The following illustration shows the typical components of a sample page.
Below is a high-level explanation of the structure, content & its significance of the JSON response for the document analysis:
"apiVersion": Indicates the REST API version used for this response.
"modelId": Specifies the Model ID used, which is likely the prebuilt invoice model.
"stringIndexType": Describes the character unit used for string offsets and lengths, typically using text elements, Unicode code points, or UTF-16 code units.
"content": Contains the extracted content from the document, including text and line breaks.
"pages": Represents a list of pages analyzed within the document.
"spans" within "pages": These represent parts of the top-level content covered by a page, indicating where content appears on a specific page.
"pageNumber": Indicates the indexed page number of the current page.
"angle": Specifies the orientation of content on the page in degrees.

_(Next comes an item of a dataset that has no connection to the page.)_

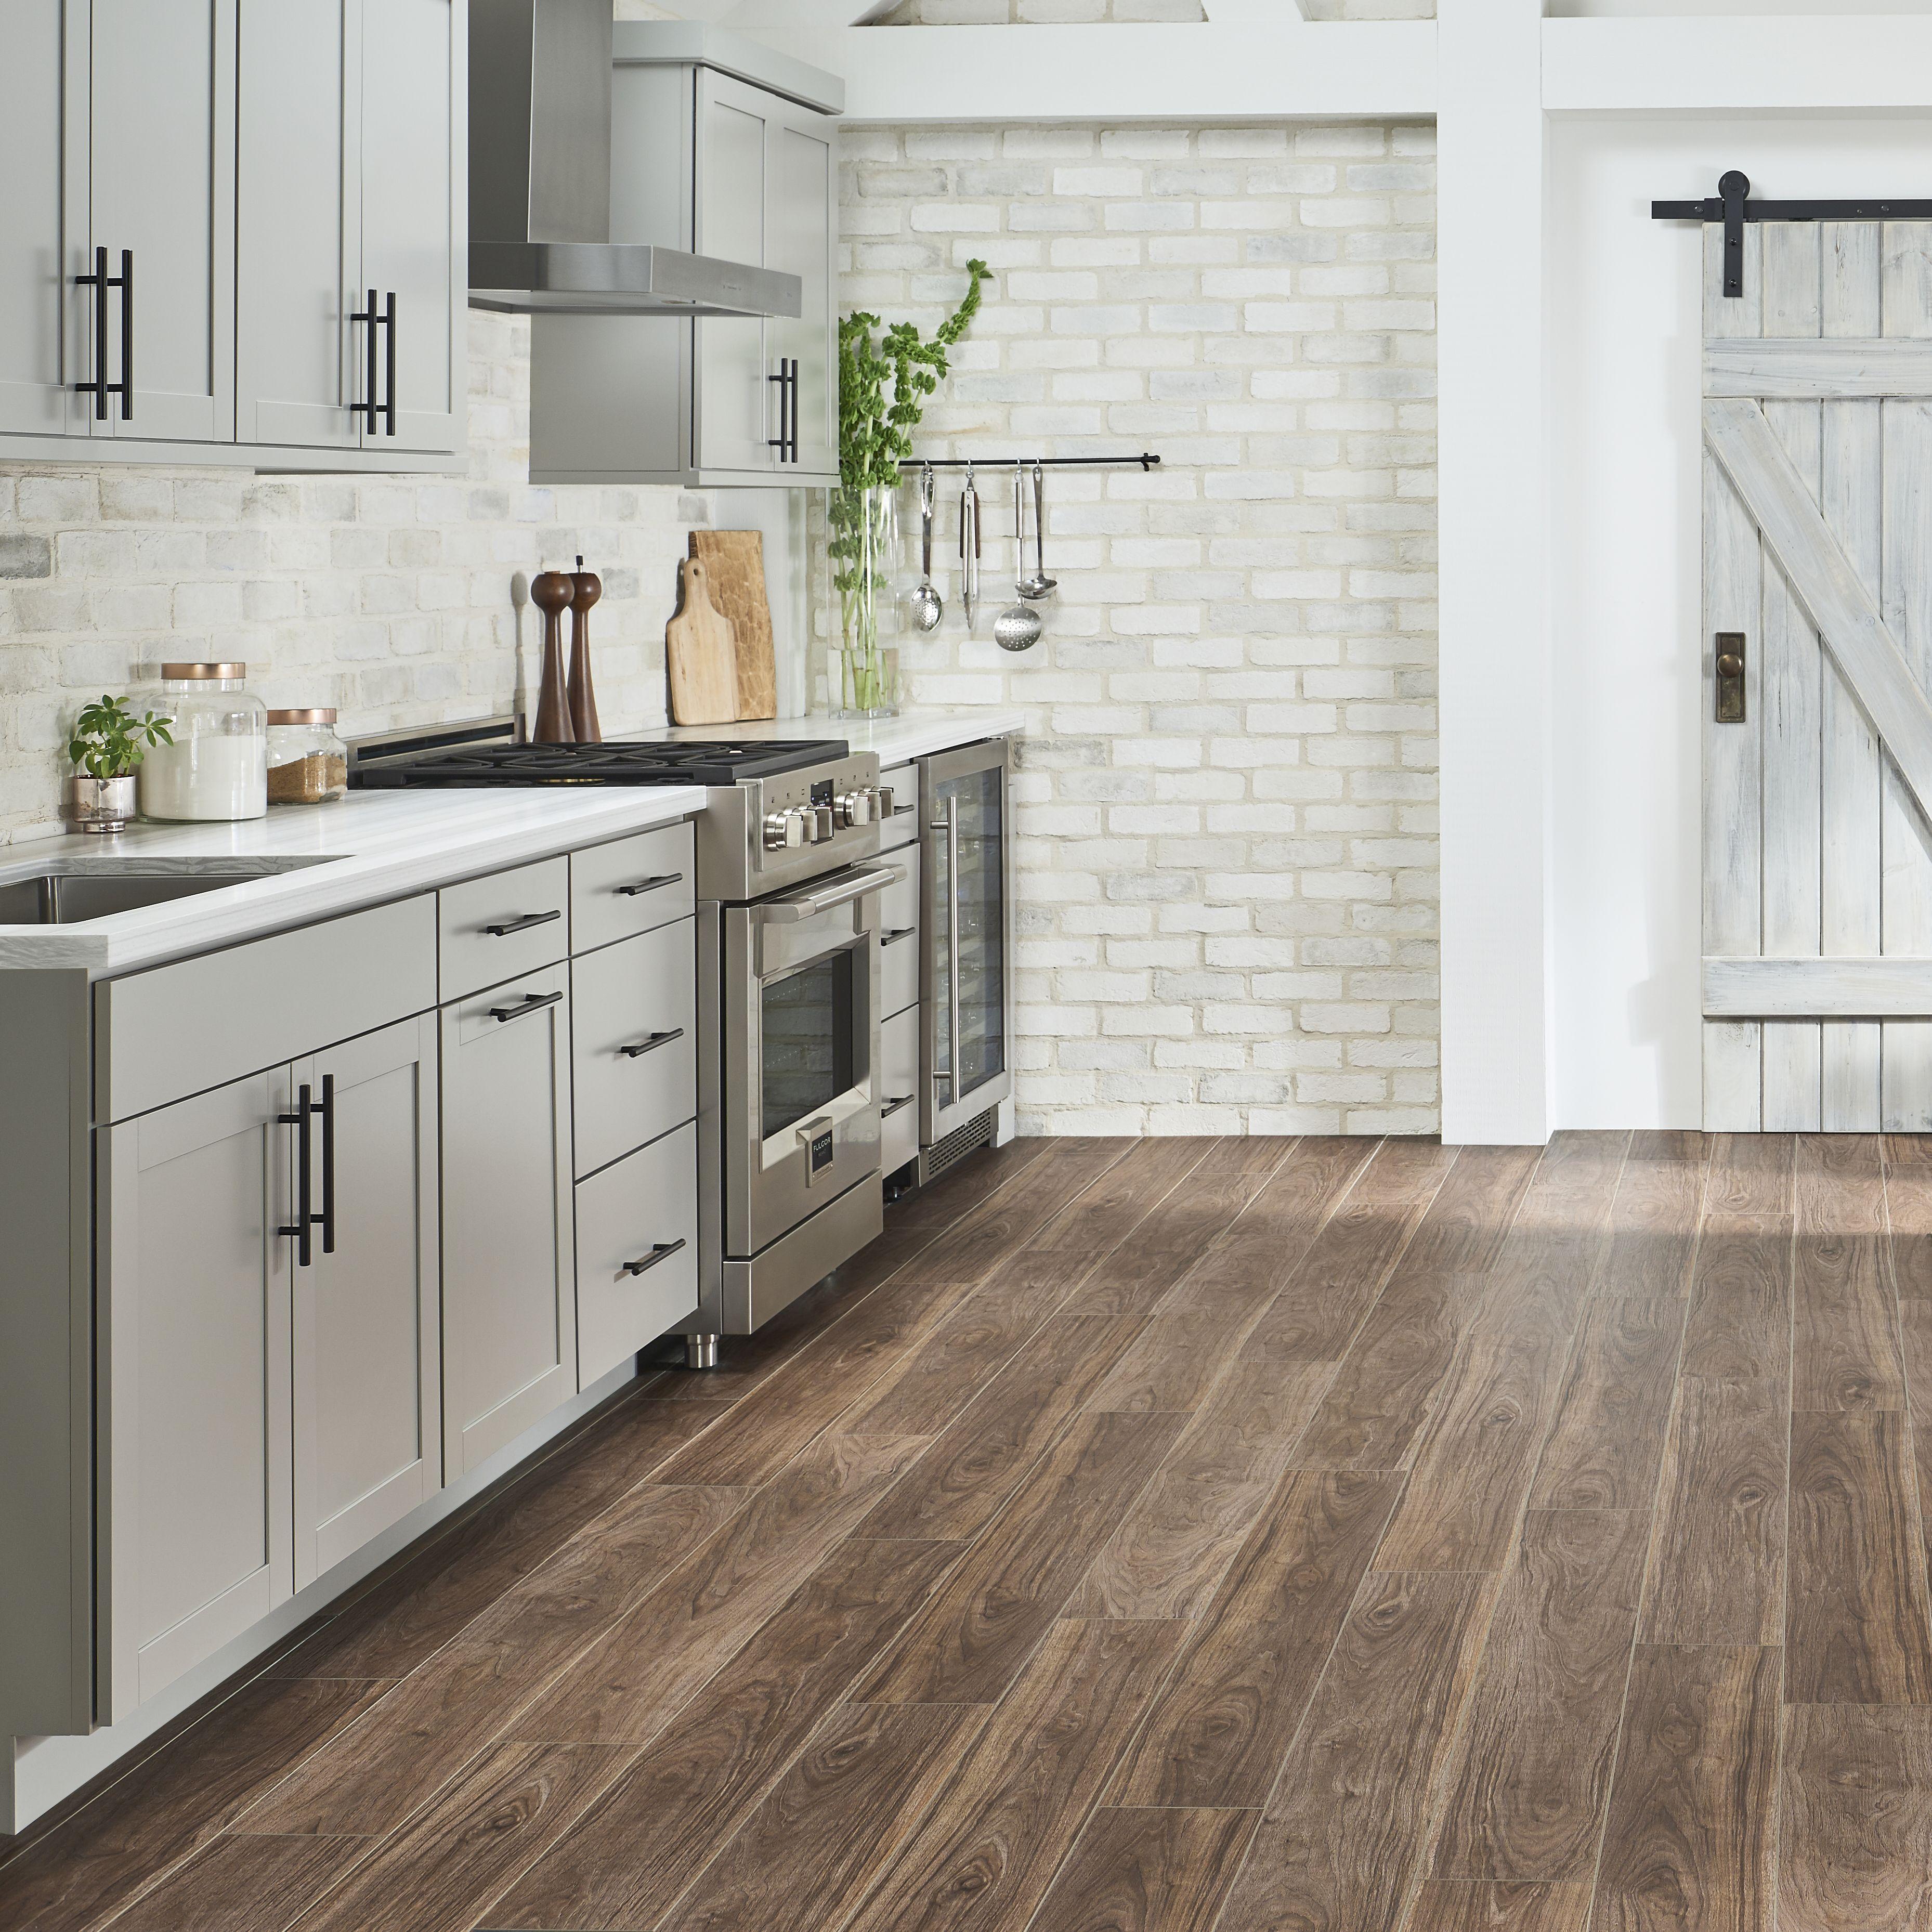 Flooring For Farmhouse Kitchen Farmhouse Kitchen Kitchen Small Apartment Modern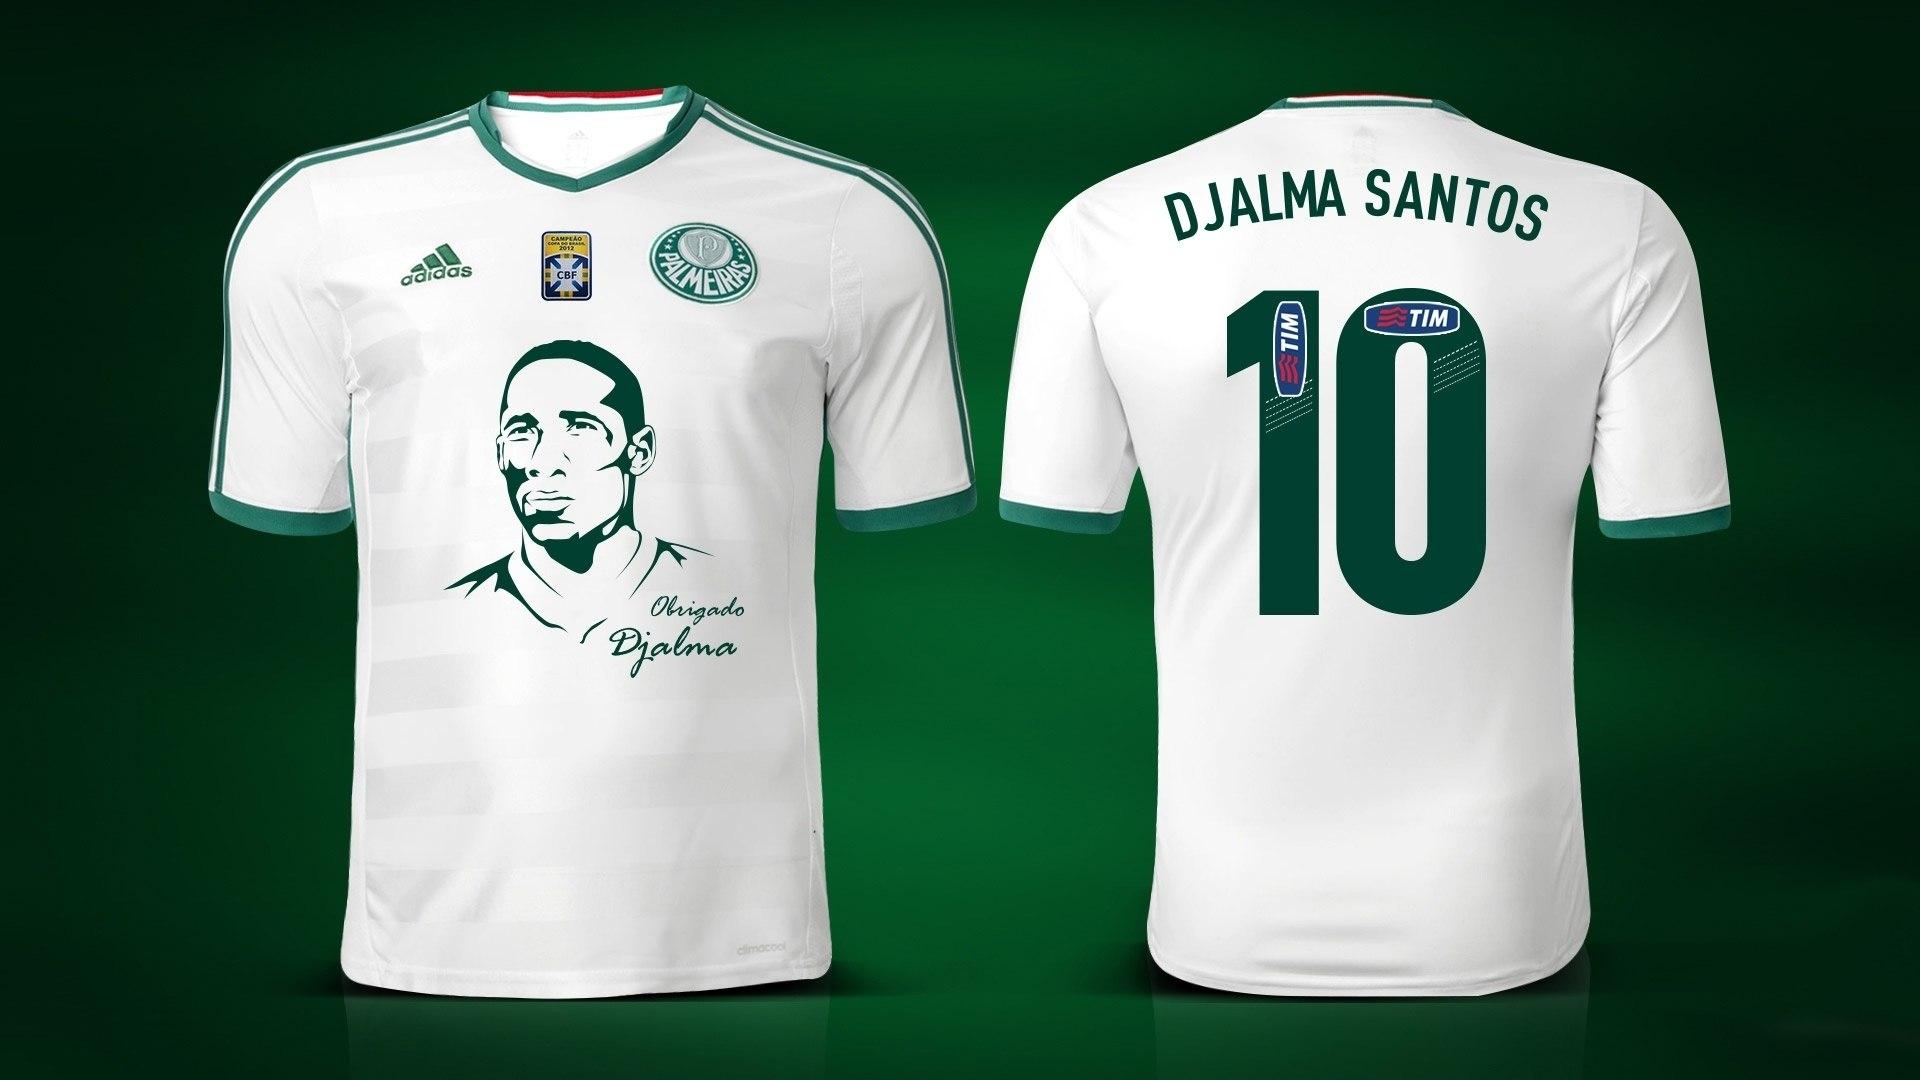 ce65051cd0 Suposta camisa do centenário do Palmeiras vaza na internet - Fotos - R7  Esportes

"width" and "height": Provide the page dimensions (width and height) in pixels.
"unit": Indicates that the unit used for width, height, and polygon coordinates is pixels.
"words": Contains a list of extracted words on the page, along with their positions and confidence scores.
"spans" within "words": These represent spans (portions) of text within a word, indicating where a word begins and ends in the document's content.
"selectionMarks": Lists selection marks (e.g., checkboxes) on the page, including their state and positions.
"spans" within "selectionMarks": These indicate spans of content within a selection mark (e.g., checkbox), showing where the mark is located within the content.
"lines": Contains a list of lines on the page, which may include both words and selection marks.
"spans" within "lines": These indicate spans (portions) of content within a line, showing where the line's content begins and ends.
"tables": Represents a list of extracted tables, including their row and column counts.
"spans" within "tables": These represent parts of the top-level content covered by a table. Each span may correspond to a portion of the document's content contained within the table.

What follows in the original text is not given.